A controversial read…

Martha Lee is the CKG Judge for YLG Wales, she is an academic librarian at Cardiff Metropolitan University.

Martha Lee

During judging this year there was a moment that I’ll never forget. My personal favourite of the 114 nominated Carnegie titles and the book I had actually nominated myself became a severe point of contention amongst the judges and divided opinion. I thought it was fantastic and that it undoubtedly met the criteria that we judges have to adhere so stringently to when assessing each individual title. The plot was tightly devised, the writing phenomenal in its darkness, wit and pure visceral nature and the characters so sharply distinct and compelling that, in my opinion, it deserved to be on the longlist, shortlist and ultimately win. Not only this but I had never read anything like it, it was so unique and would have made the longlist that little bit more unusual.
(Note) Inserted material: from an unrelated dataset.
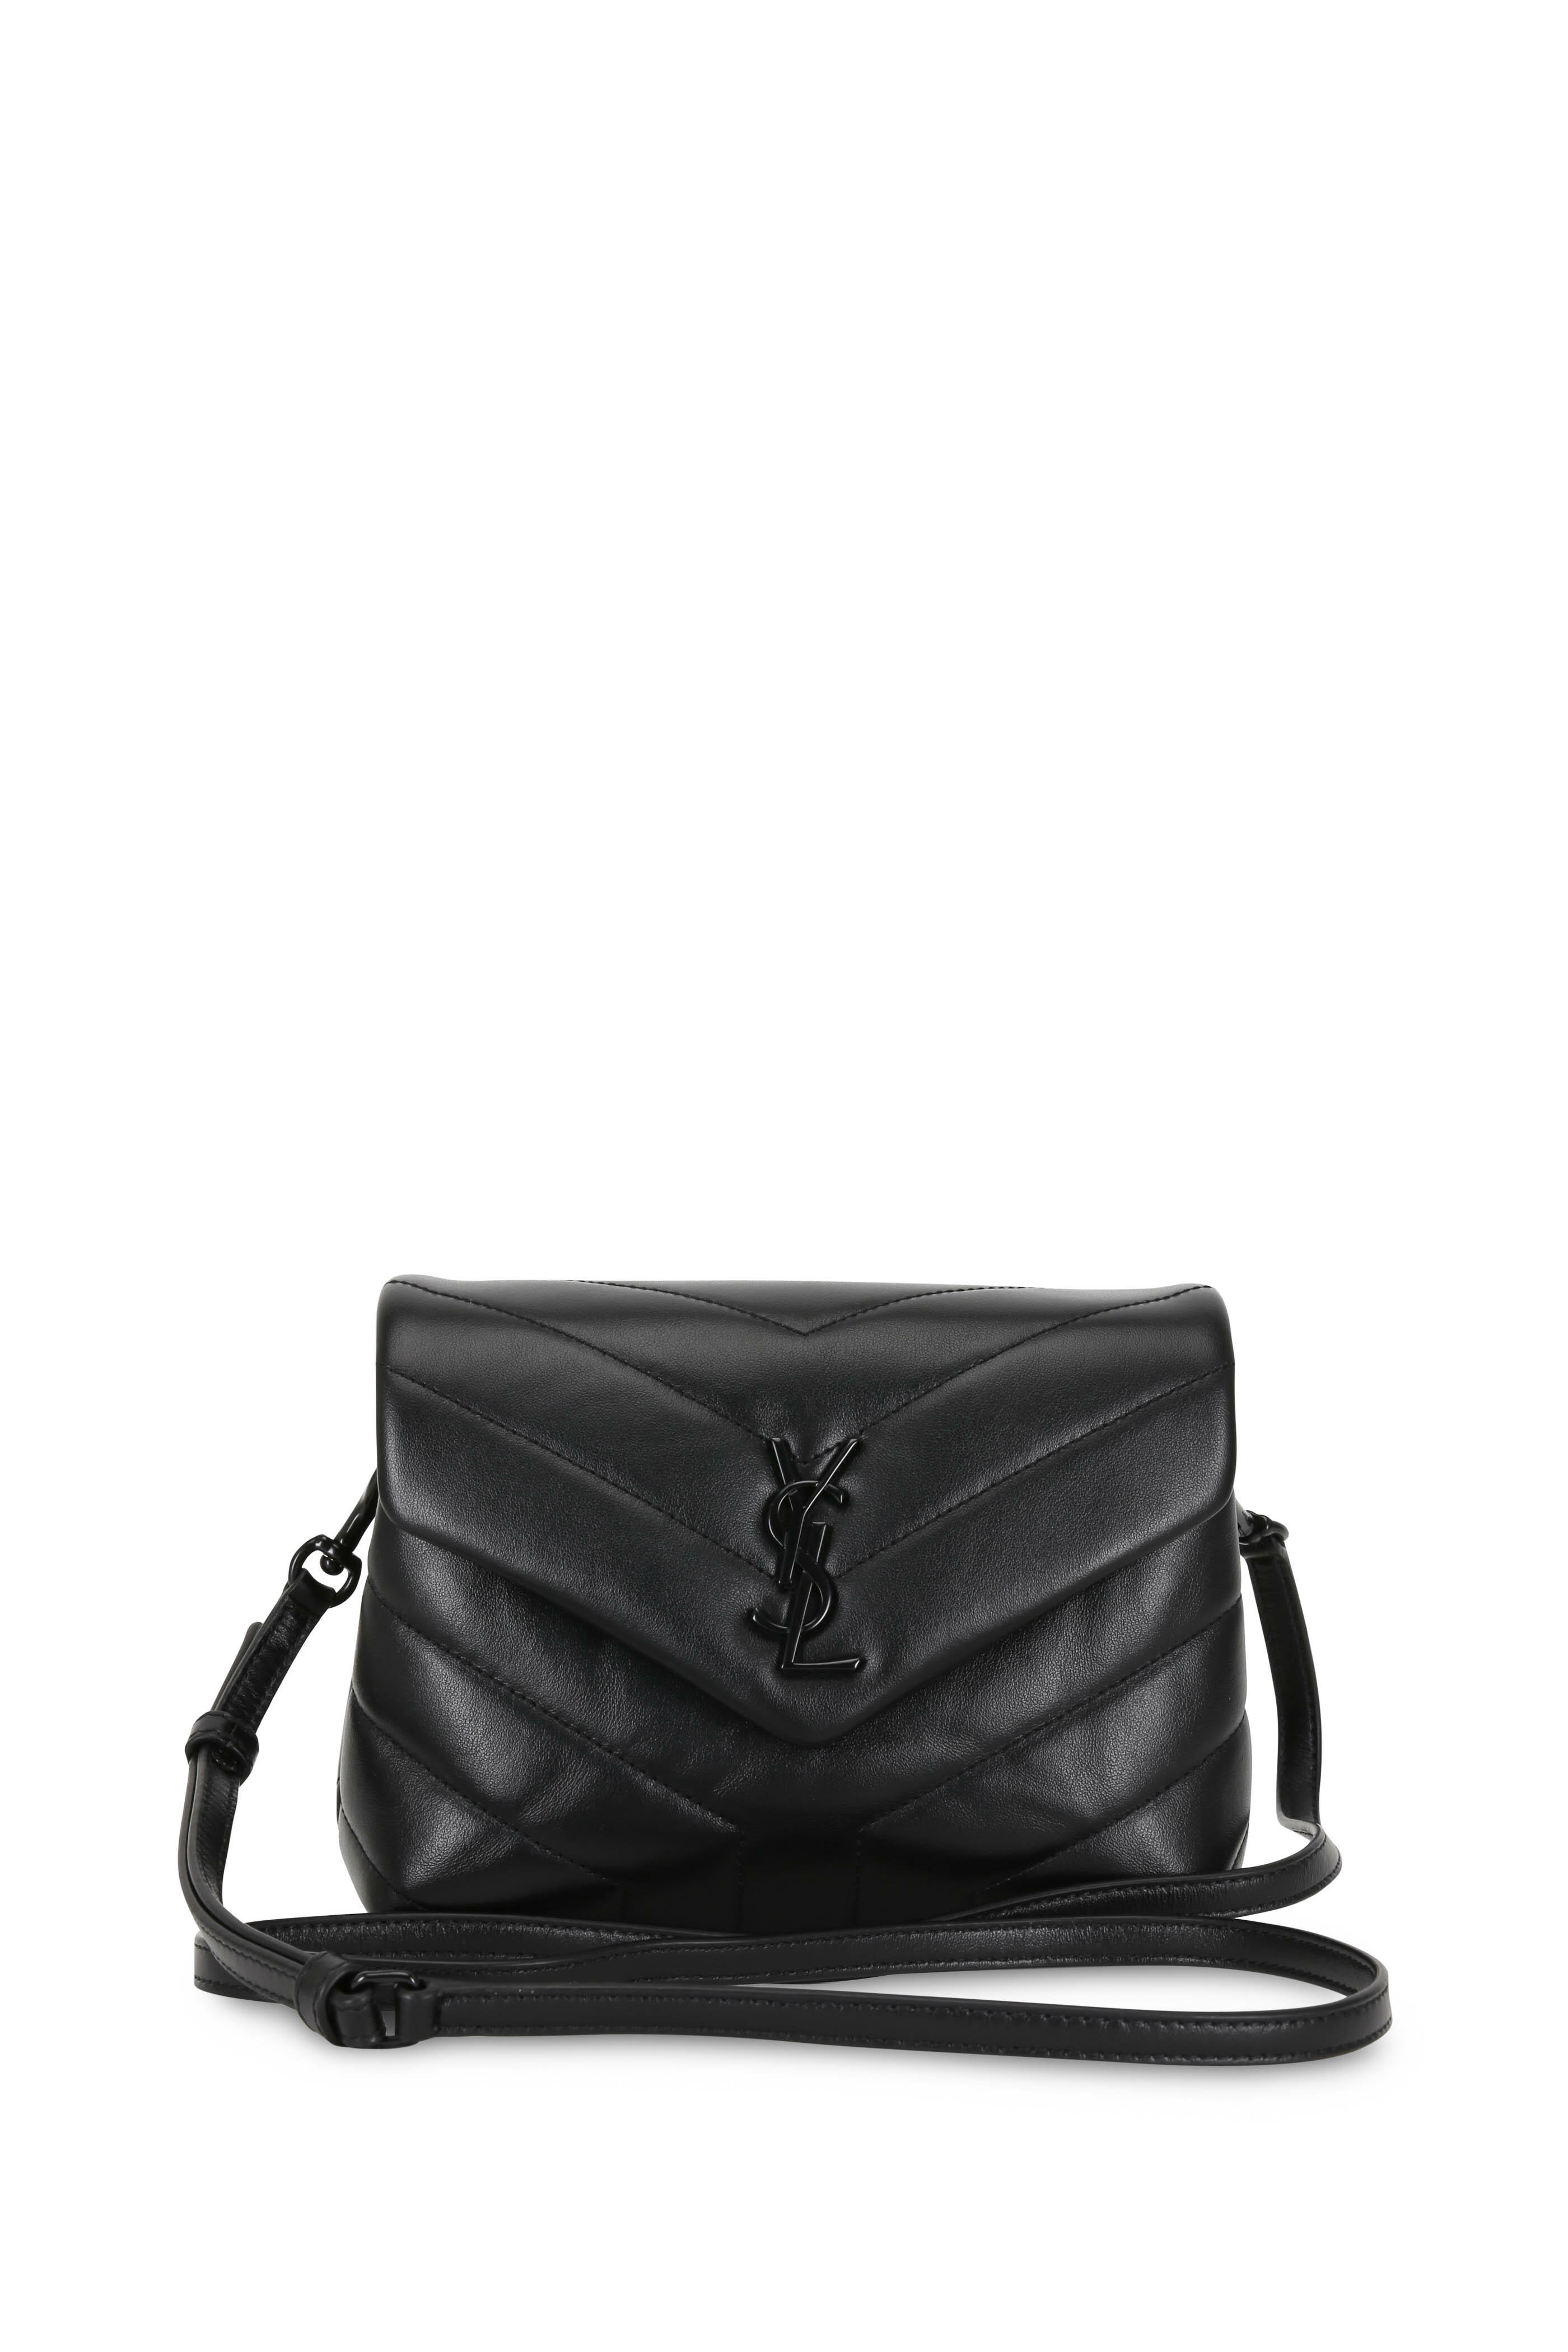 Saint Laurent Mini Lou Quilted Leather Shoulder Bag In Black

Alas, after much discussion (and championing by me) it was democratically voted off the longlist. I was so upset. The thing about CKG is that you invest part of yourself in all the amazing books that you read. As a judge you must of course constantly remain objective but after all the time, stress and tears of reading 207 nominated titles, it’s impossible not to have your personal favourites and if they don’t make it on to the longlist it’s a heavy blow.

This experience made me think of the importance of controversial books and how vital it is for us as judges and librarians to remember the value of these books and what they bring in terms of reader engagement. I understand how personal opinion can interfere, but we must strive not to allow it to overshadow our impartiality and censor these brilliant books.
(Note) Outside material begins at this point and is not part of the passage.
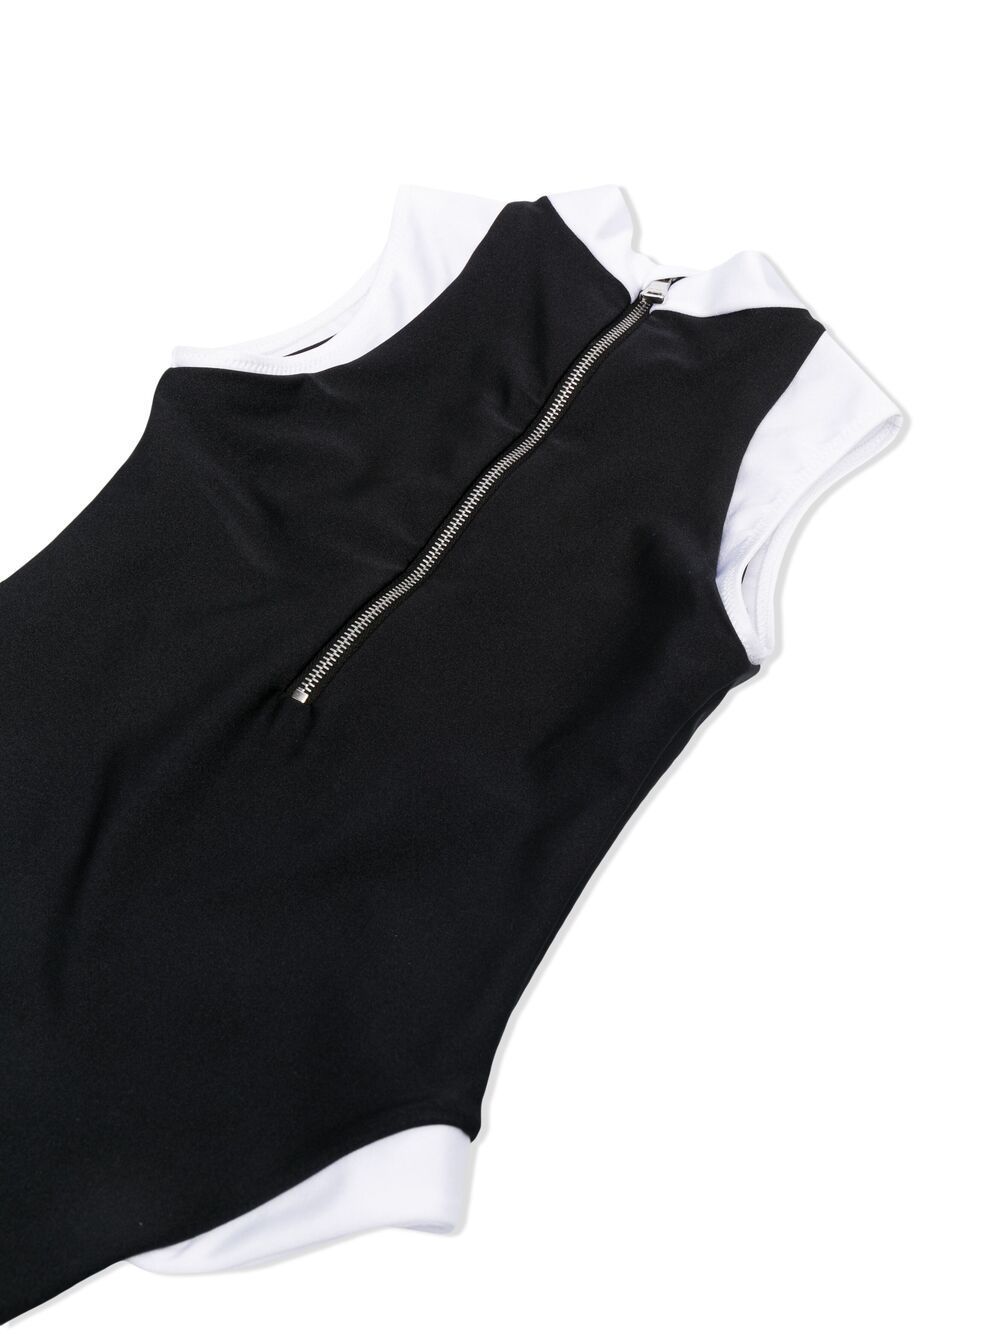 BALMAIN Two-tone logo print swimsuit Black - MAISONDEFASHION.COM

Some young adult books deemed controversial (and even banned in some cases) include Harry Potter, His Dark Materials, The Perks of Being a Wallflower, To Kill a Mockingbird, Junk, Of Mice and Men, When Mr Dog Bites and The Bunker Diary, to name but a few. Through the themes within controversial novels readers can be inspired to find ways to problem solve, deal with conflict and overcome struggles via bibliotherapy. These books can also influence deeper thinking, moral sensitivity, social awareness, tolerance and encourage readers to question. Not to mention the passion, vigour, and enthusiasm for reading it offers teens (and adults alike). Because, after all, who wants to read a bland and boring book?